Since there are three of us, we don't have to buy the "big bird." Chad buys a turkey breast, de-bones it (I swear, I am also thankful I did not grow up on a farm!) and stuffs it. The favourites are smoked gouda, proscuitto and asparagus. Honestly, I don't know what any of our grandmothers think about this. My maternal grandma ate it with us one Thanksgiving and did say that it was good... but I know our families think we're a little "fancy" with food sometimes.

So here's the thing - I challenge any Thanksgiving hosts/hostesses out there to try something new this holiday. I'm not saying to alter your entire feast menu - but just one new side dish. It helps you celebrate thankfulness and fun for the holiday. And if it doesn't turn out to be a hit, pitch it and grab a can or two of green beans.

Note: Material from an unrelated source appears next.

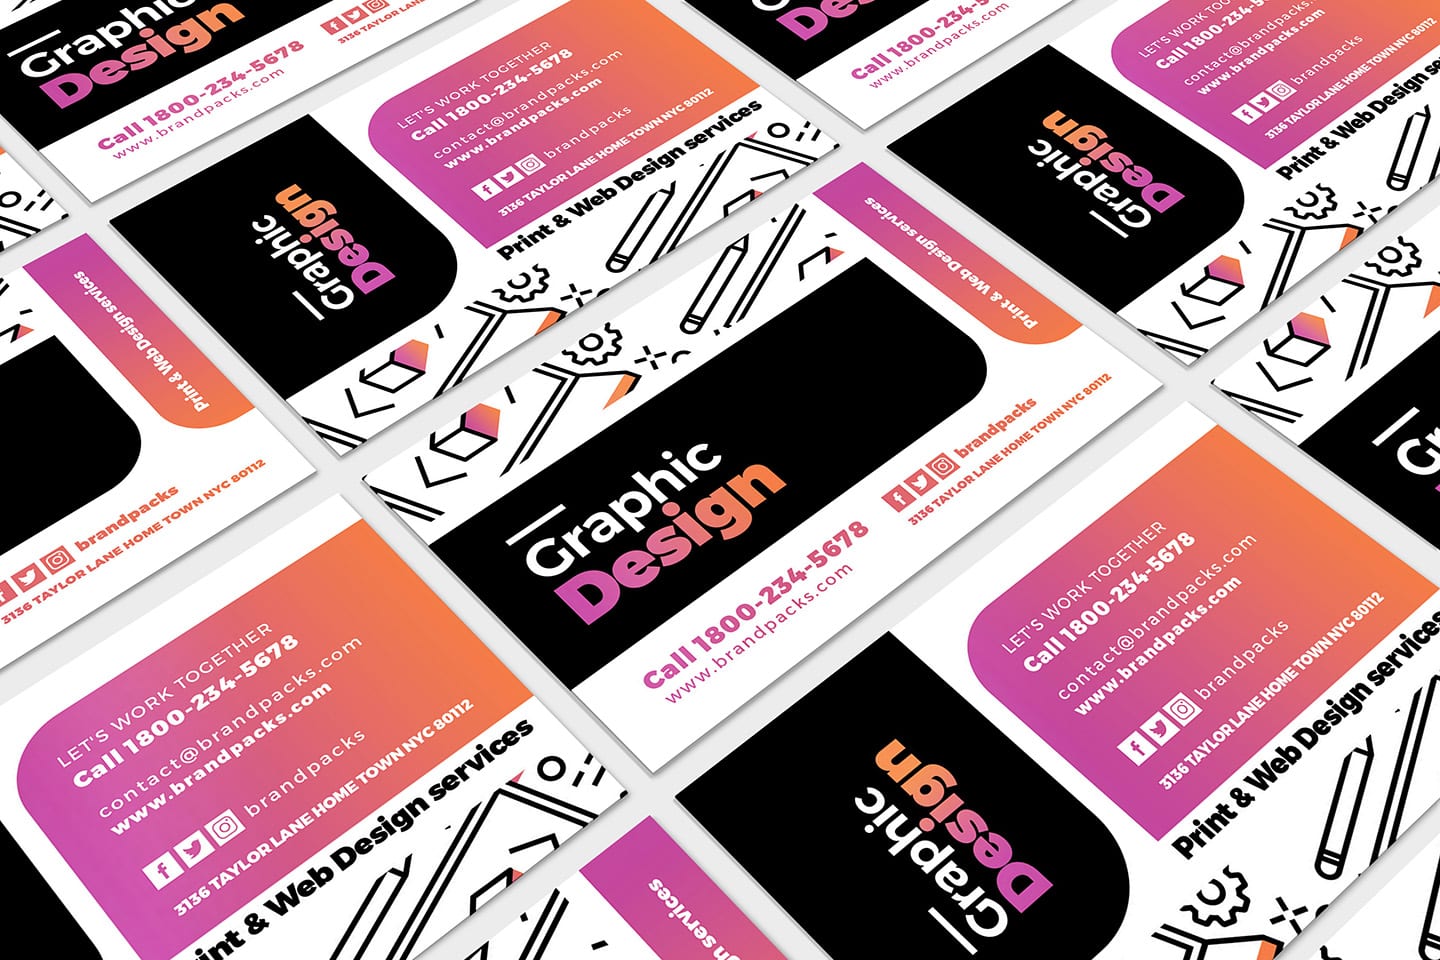 Web Design Business Cards Templates - Professional Sample Template
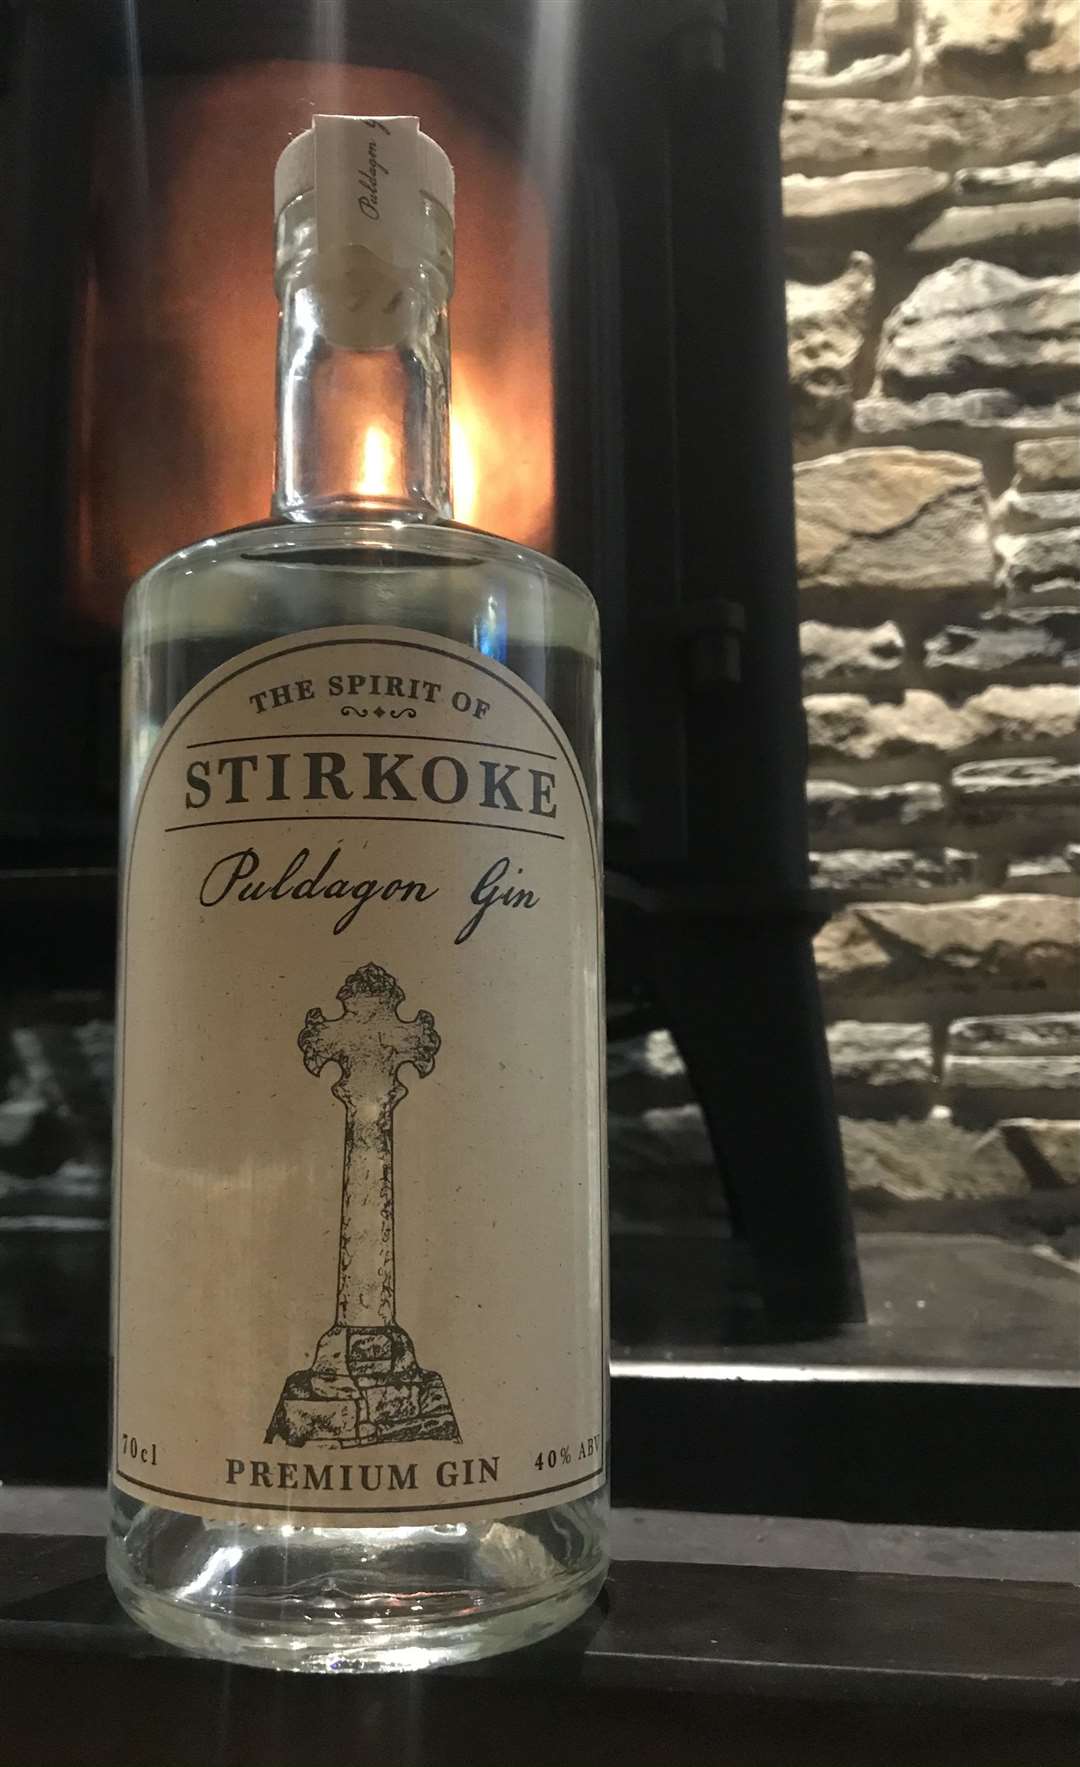 Spirit of Stirkoke - the new Puldagon gin.

Don't get to cook for the dinner? Bring a new dessert... or shake things up with a cocktail or bottle of wine.

Thanksgiving is about fun and family. How can you change your "menu" and enjoy celebrating all that we have with those that you love?

Wednesday, October 28, 2009

What's Next?

Some changes are rapid. Some seem to take ages for adjustment. And several feel like they will never be finished!

Now that the major updates to our mudroom (or "anti-mud room" as I am now calling it) are done, some friends have started asking, "What's next?"

The thing is - our previous projects are not even fully complete yet. Little tasks remain for the master bedroom, the "anti-mud room," the living room, the eat-in kitchen area... We now have new carpet in the other two bedrooms, but the guest room still needs that all-important fixture: a bed! The pantry is completed, however, and I am loving it! But we do have several things to wrap up.

In addition to running out of funds for our insane list of home updates, the Christmas season is approaching. Priorities are adjusting due to money.

While we assess "what is next," I am looking forward to some cozy, relaxed nights. Warm meals on cold nights with time to enjoy the work that we have accomplished so far... And, of course, make lists of what yet needs to be done.

Heaven knows the dining room fireplace is aching, begging and sometimes I know I hear it screaming for change. I'm sure we won't let it suffer much longer.

Wednesday, October 14, 2009

Change of Scenery

What is it about travel? A change of scenery can change your perspective. Getting out of your typical routines and problems can change your focus. And sometimes, you just need a break!

Chad and I tend to travel to larger cities that have more to see and to do than Peoria... yet we relax in these environments.

I think we are better able to let go of the problems and challenges we face everyday because they fade in comparison to how large the world is. When we travel, I witness people who have far more than we have, but also people who have much less.

Traveling opens my eyes to so many possibilities. It reminds me that choices result in the changes your life takes, the form of your existence. It makes me feel smaller yet stronger. The world is huge, and there are so many things that can capture your interest and abilities if you just let them.

New York City is enlightening to me. Maybe it's because of all the culture and the constant activity. Maybe it's because of the history and the incredible amounts of immigrants who approached our country for better opportunities. Maybe it's because we get to visit family members who live there and we get a glimpse of the city through their eyes.

I believe it is because of all these reasons and more - wrapped up into one marvelous long weekend.

I am at a crossroads in my life, but I live in Peoria and capable of making things happen. Seeing others, strangers as well as those I love, move on, grow and endure great changes to do so is inspirational. It may not be my time right now to change cities, but I can benefit from the possibility that it may happen someday.

Changes are constant in everyone's life, whether they are chosen or not. Witnessing people leave behind families and friends, risking everything, it helps me believe that I can continue as well. I also gain appreciation for what I do have and that I am able to strive for more.